# New Acela out and about



## Severn (May 13, 2016)

In testing apparently....

https://www.businessinsider.com/amtrak-reveals-exterior-of-new-acela-trains-in-video-2020-1


----------



## Fire21 (Mar 9, 2014)

The cars look nice. I think the loco is UGLY...looks like some sort of alien monster. They said the train would have 25% more seats...is that because of added cars or are they scrunching seats tighter like the airlines did?


----------



## J.Albert1949 (Feb 3, 2018)

That thing is ugly, particularly the locomotive.
The cars look like overgrown talgo coaches.

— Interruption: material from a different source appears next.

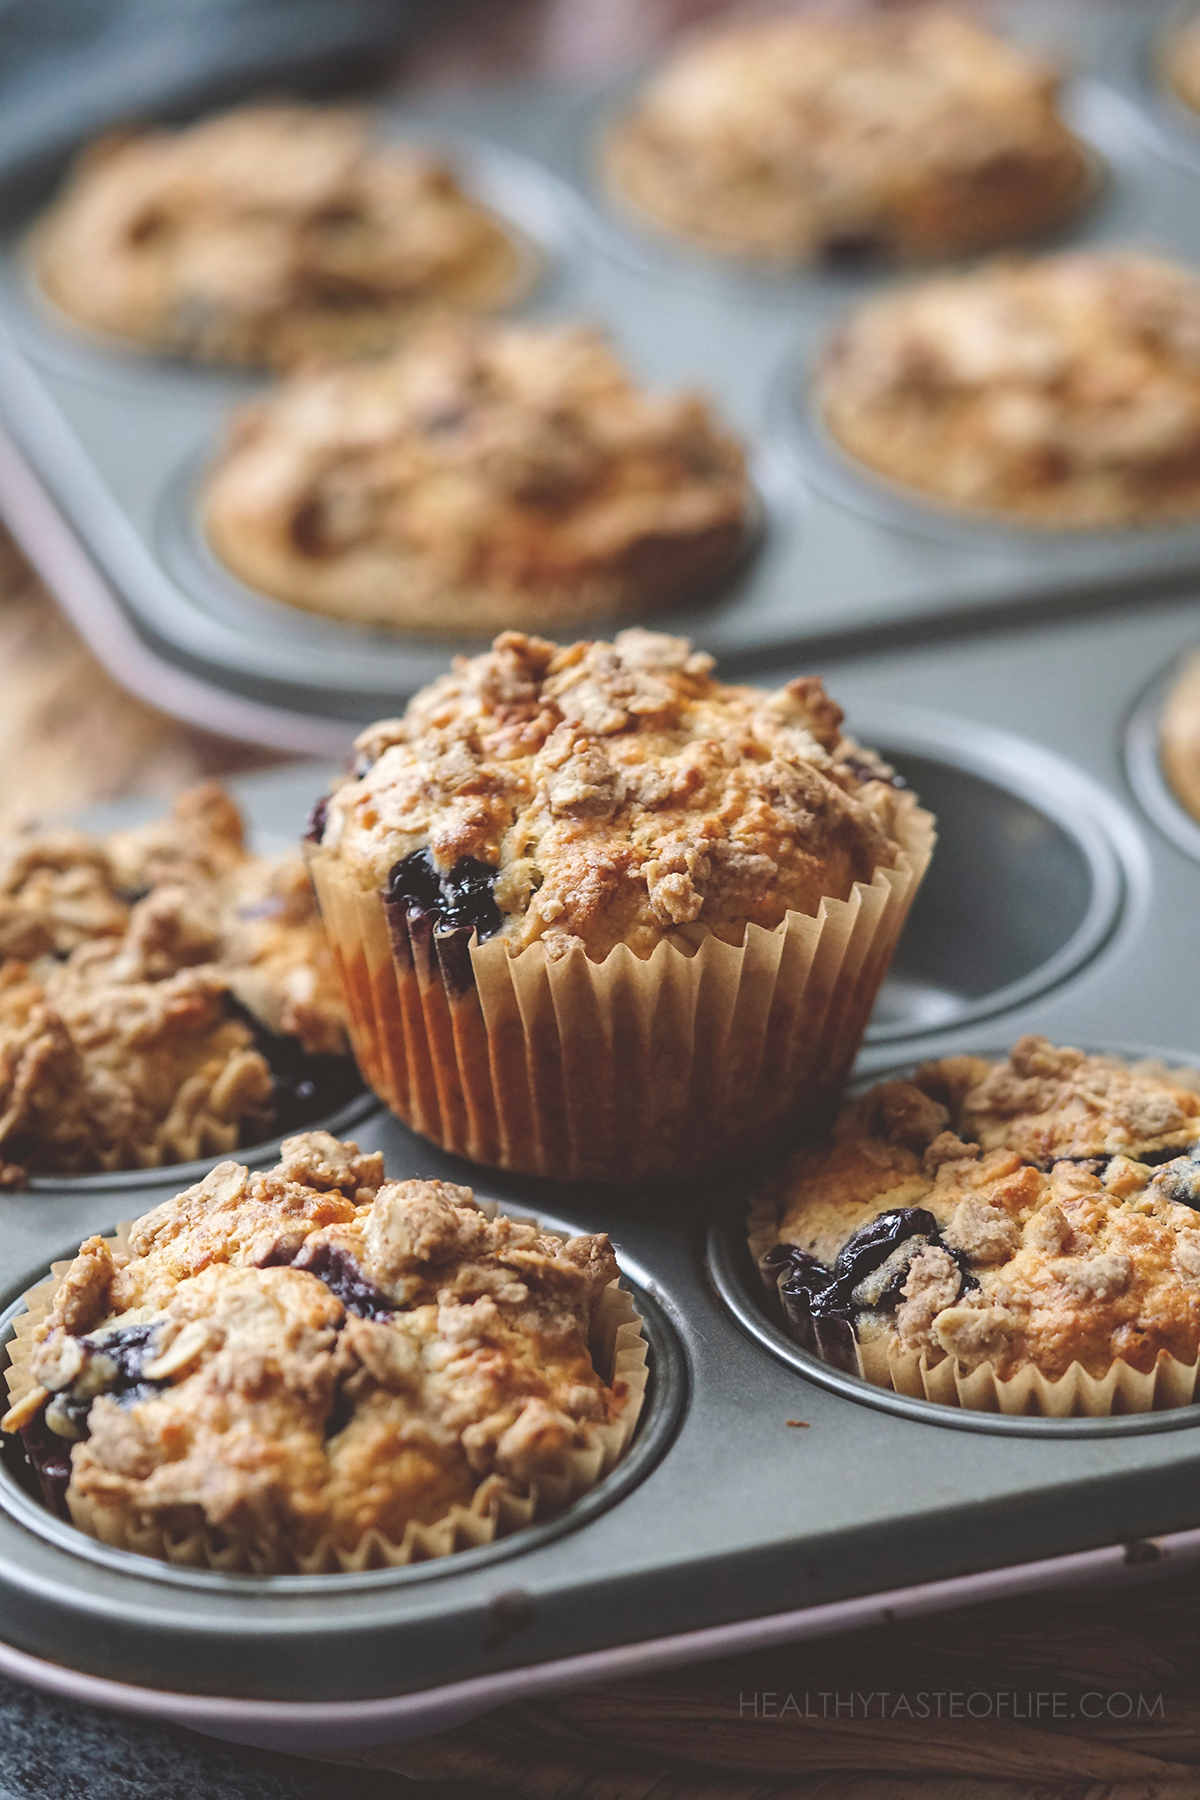 Blueberry banana oatmeal muffins in the muffin tin.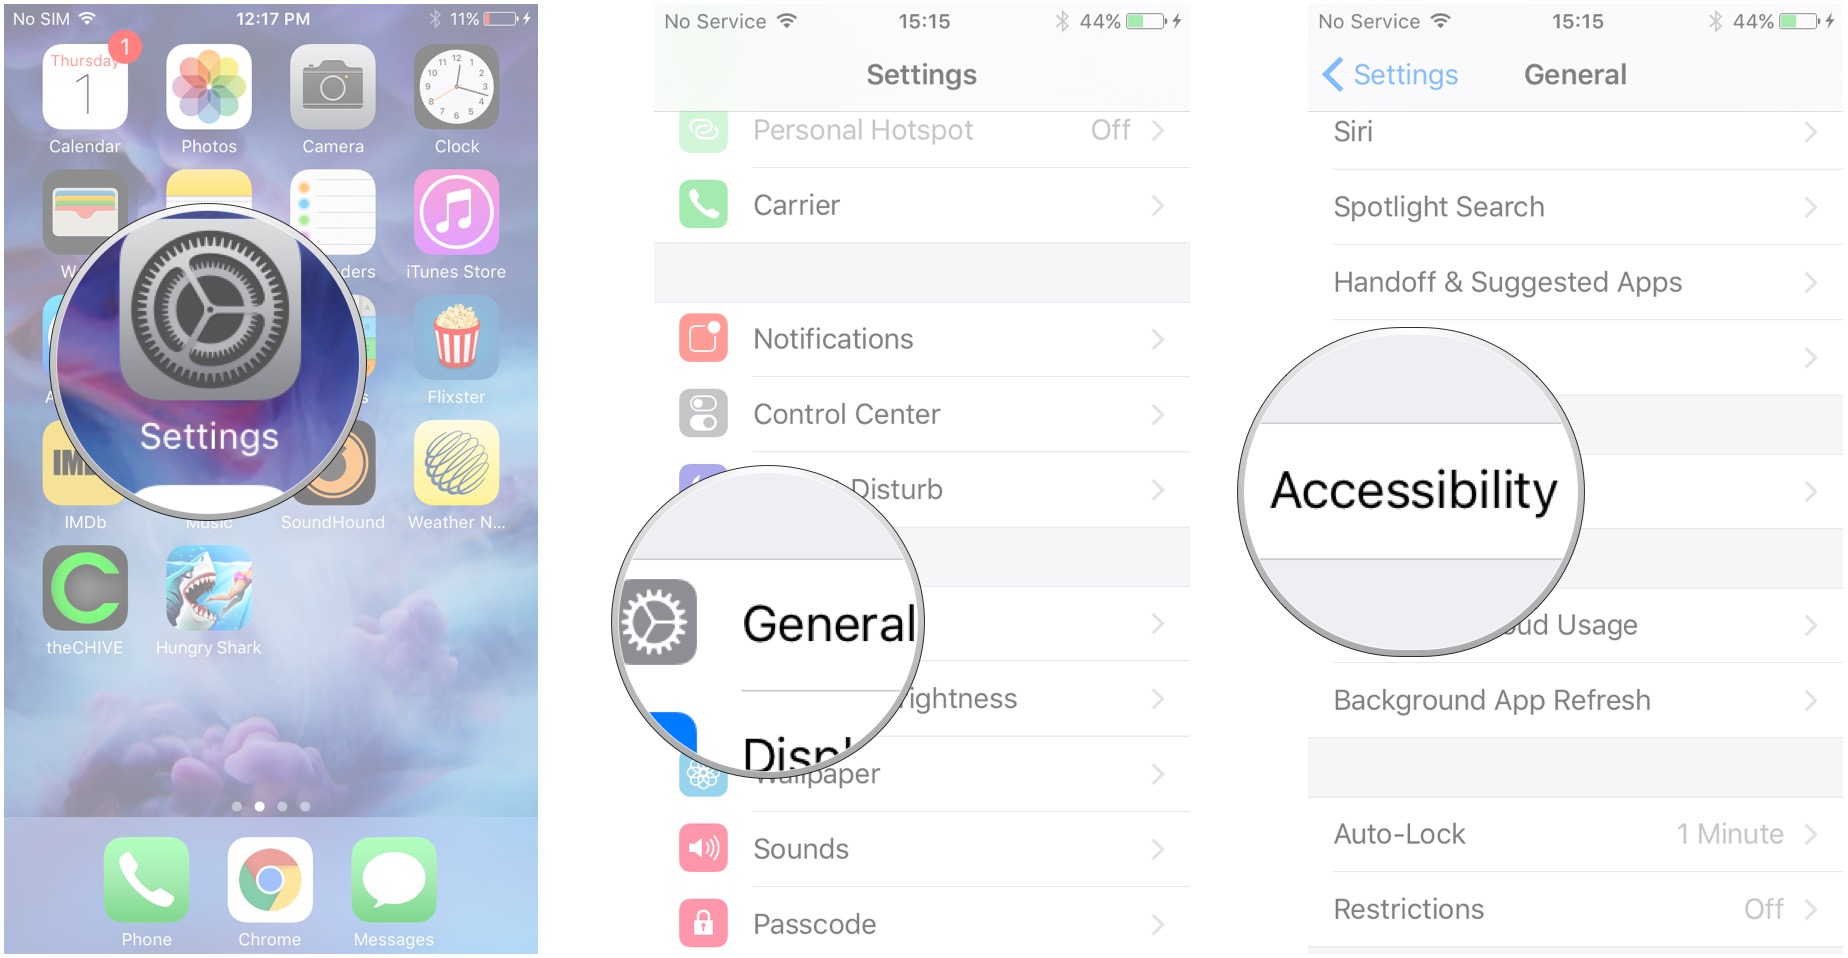 How To Turn On The Led Notification Light On Your Iphone Imore

The original Acela looked better (and I never cared for its looks, either).
I only "ran" the original Acela in the "simulator" in Wilmington.
The jobs were based out of NYC and Boston, and I worked in New Haven.
Wouldn't have wanted to be on those jobs, anyway.


----------



## Severn (May 13, 2016)

I suspect but don't know that's in a test set up form. the paint jobs are simple, there's no splashy graphics. i have no problem with it myself. 

I've been poking around and in HO there only seems to be bachmann HO set for the current one. It's not that expensive and a quick look at it on a vid, suggests its nice enough.

Yet i don't understand why they only packaged it as RTR set with track and controller.

Leave that out and I bet you could shave $100 off the prices, maybe... Ok maybe not that much but I suspect you'd sell more.

I hope perhaps Bachmann or someone else offers this in a timely manner & perhaps also not as a RTR set.

(simulator?)

anyway i found the actual vid -- https://media.amtrak.com/media-images/new-acela-fleet-on-the-move/

And I will go on record as saying i like the droop nose! I do... i think it looks cool. I think the rear of engine should match the coaches in outline though. (there appears to be a little angular shape to the couches no reflected in the engine)


----------